In Satellite technology, multispectral sensors are now available to see the structure of the Earth's surface in ways that the human eye cannot see. Sensors that use the infrared, near infrared, thermal infrared and short wave technology are installed on the Aster, Landsat 7+etm, and Worldview 2 satellites. With the ability to determine texture and petrology from miles above the Earth's surface, locating, analyzing, identifying and mapping the structure and composition of the Earth's surface is now greatly advanced.

The reflective and absorptive properties, plus the lithology of soils, rocks and vegetation can now be analyzed using multispectral imaging to identify various exposed mineral structires. The differences in absorption and reflection are analyzed and translated into assigned colors that are differentiated for each type of rock and for each group of wavelengths. When infrared bands 3, 2 and 1 are used, for example, vegetation appears as red, snow and dry salt lakes are white, and exposed rocks appear as brown, gray, yellow and blue. Other wavelengths identify clay, sulfites and carbonite, based on their absorption and reflection qualities, which are then translated into colors for the final image. Even more wavelengths identify carbonite, quarts and mafic volcanic rocks.

Finally, programs for translating the combined data and imagery into three dimensional, mosaic, and other forms for scientific analysis, such as probability of environmental impact, vegetation studies, and a host of layovers that identify man made structures or even ownership, zoning and code restrictions or allowances.

As a result, the combination of earthbound data collection and databases and the advanced aerial multi spectral imagery have created enough work for geologists, institutions, and businesses to last a while!

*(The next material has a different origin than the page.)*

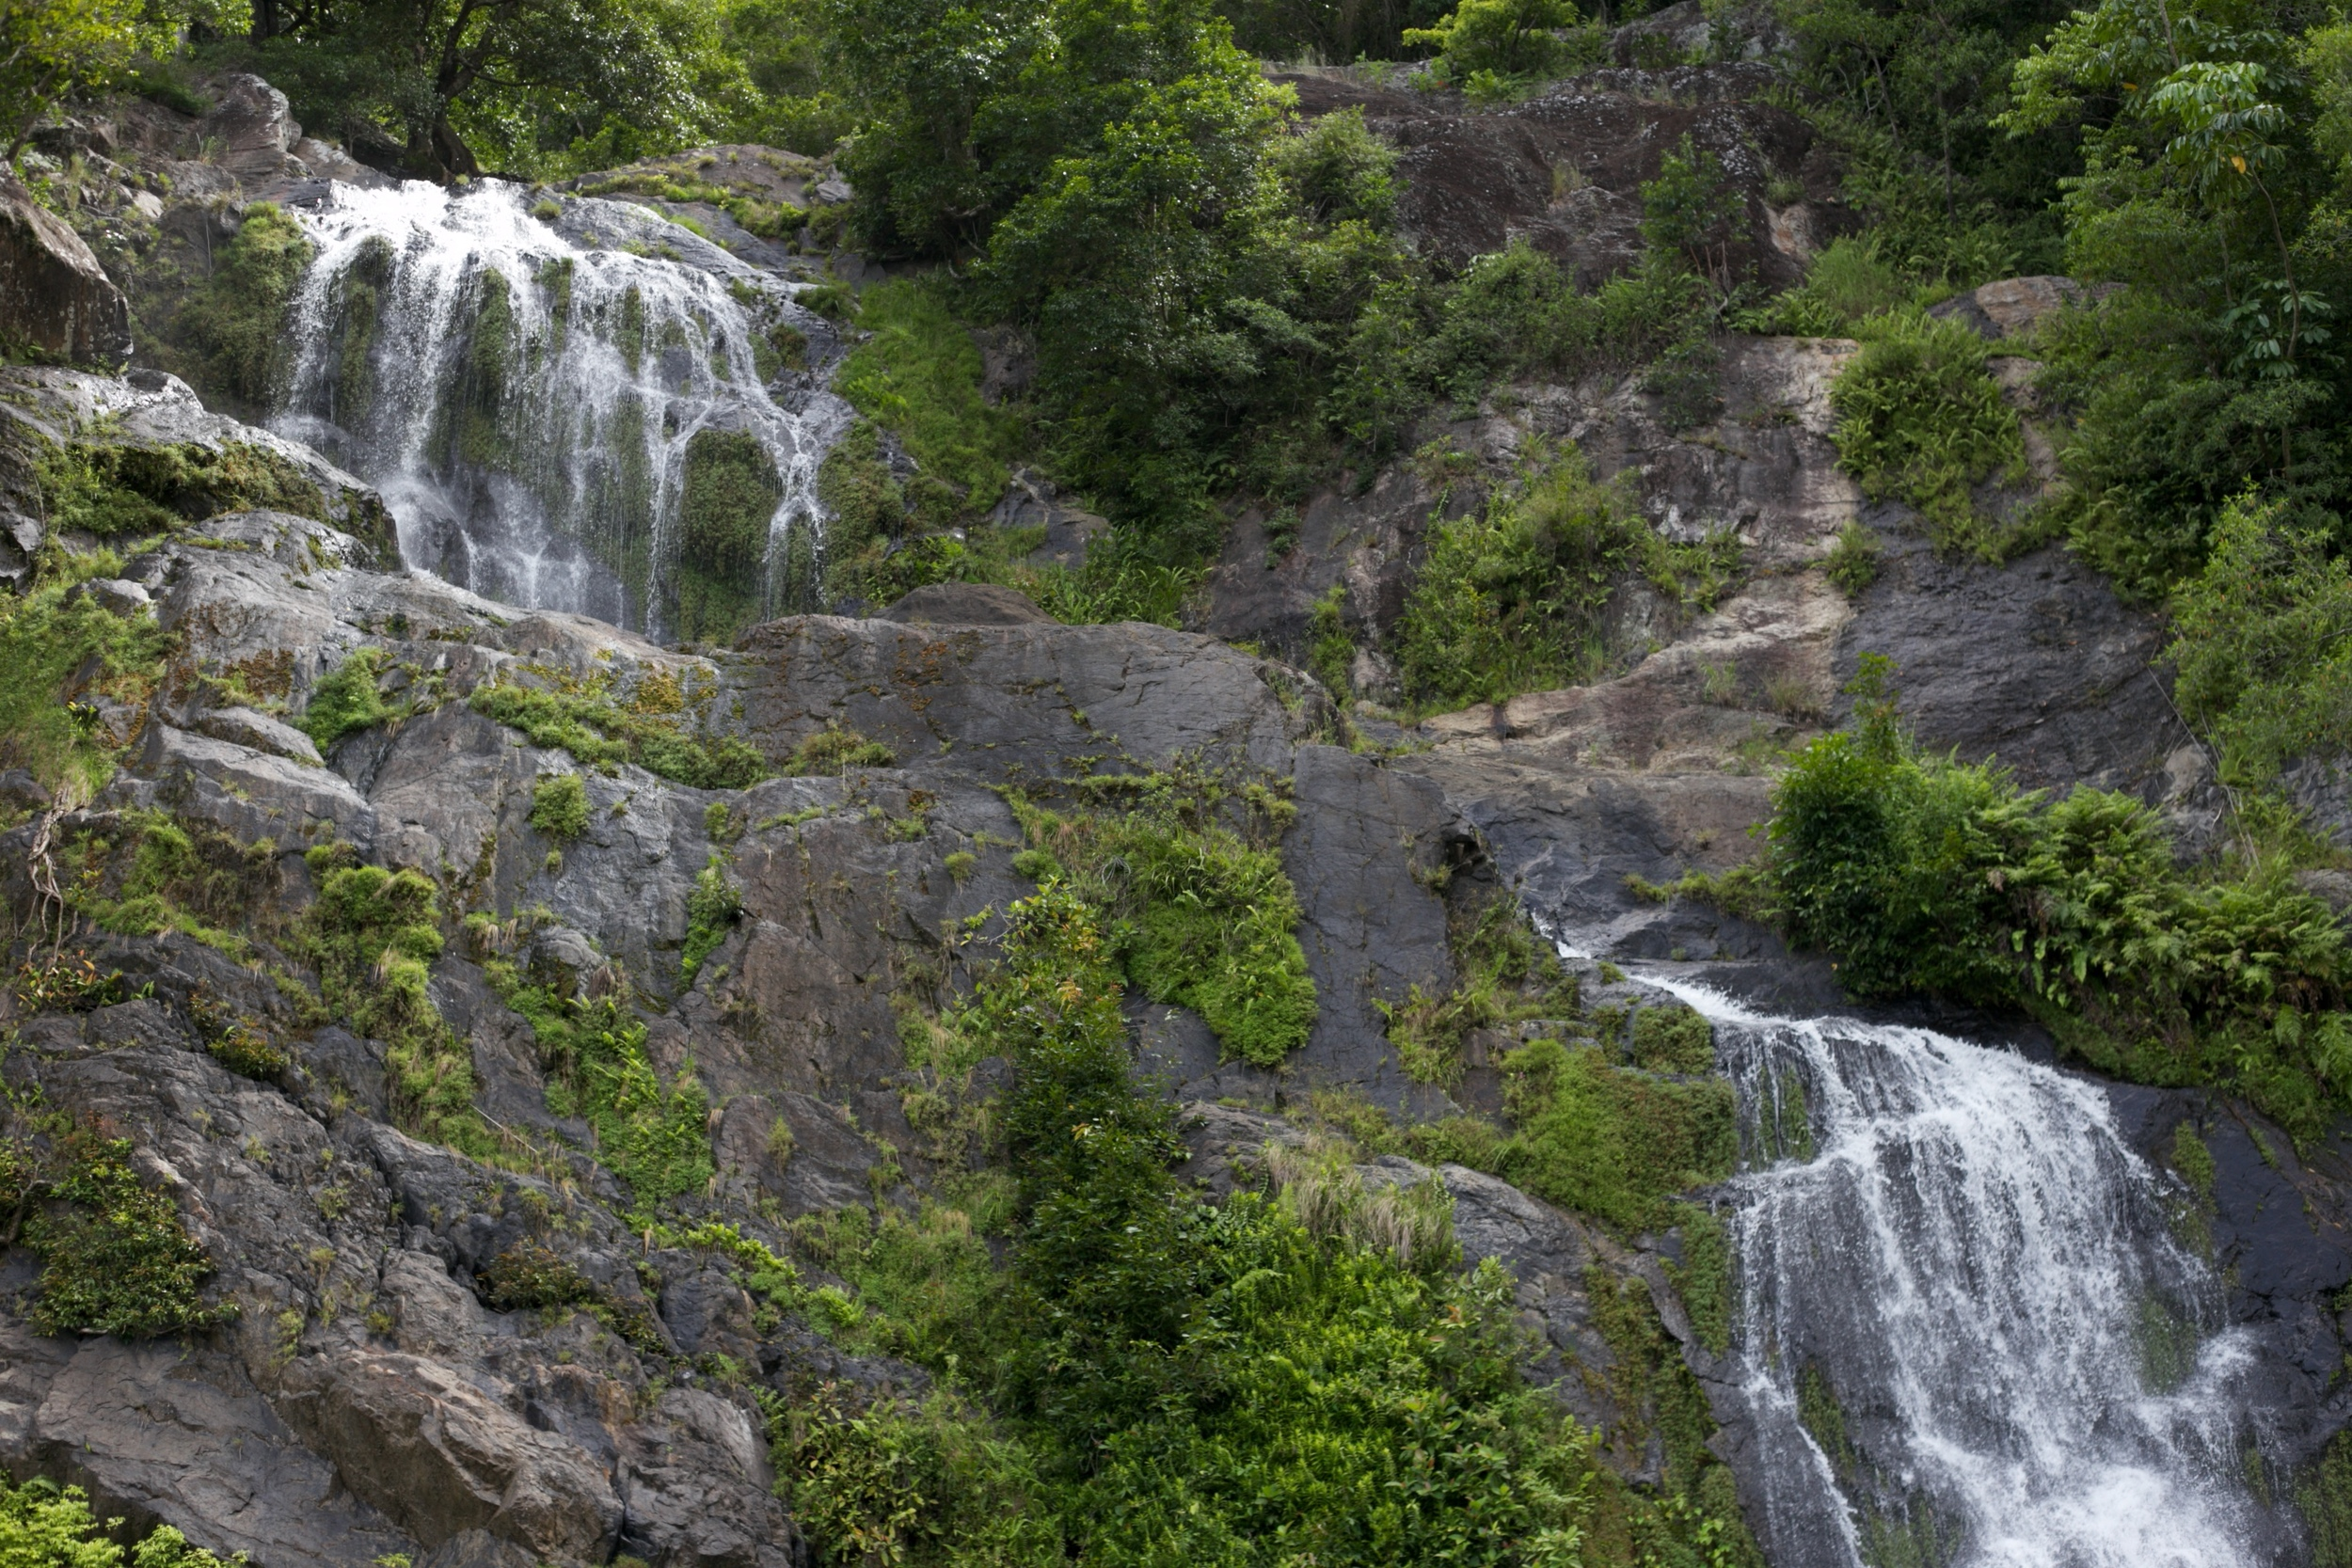 Stony Creek waterfall in the Kuranda area.

Geochemical surveys use identification and analysis of chemical abnormalities to determine if, for example, high levels of hydrocarbons or minerals. Where such levels had to be detectable to the human senses, they can now be measured in parts per million. Such techniques are used in two areas: prospecting for oil and gas; and prospecting for metallic mineral deposits. The development of far more sensitive, portable, and effective mass spectrometry, gas chromatography, and other equipment has created many opportunities for locating anomalies or concentrations of material that may indicate a significant deposit.

There was a unique microbial methods of mineral exploration, using analysis of concentrations of Bacillus Cereus spores to determine how their affiliation with Mesquite, and Au, or gold ,may indicate significant concentrations of gold.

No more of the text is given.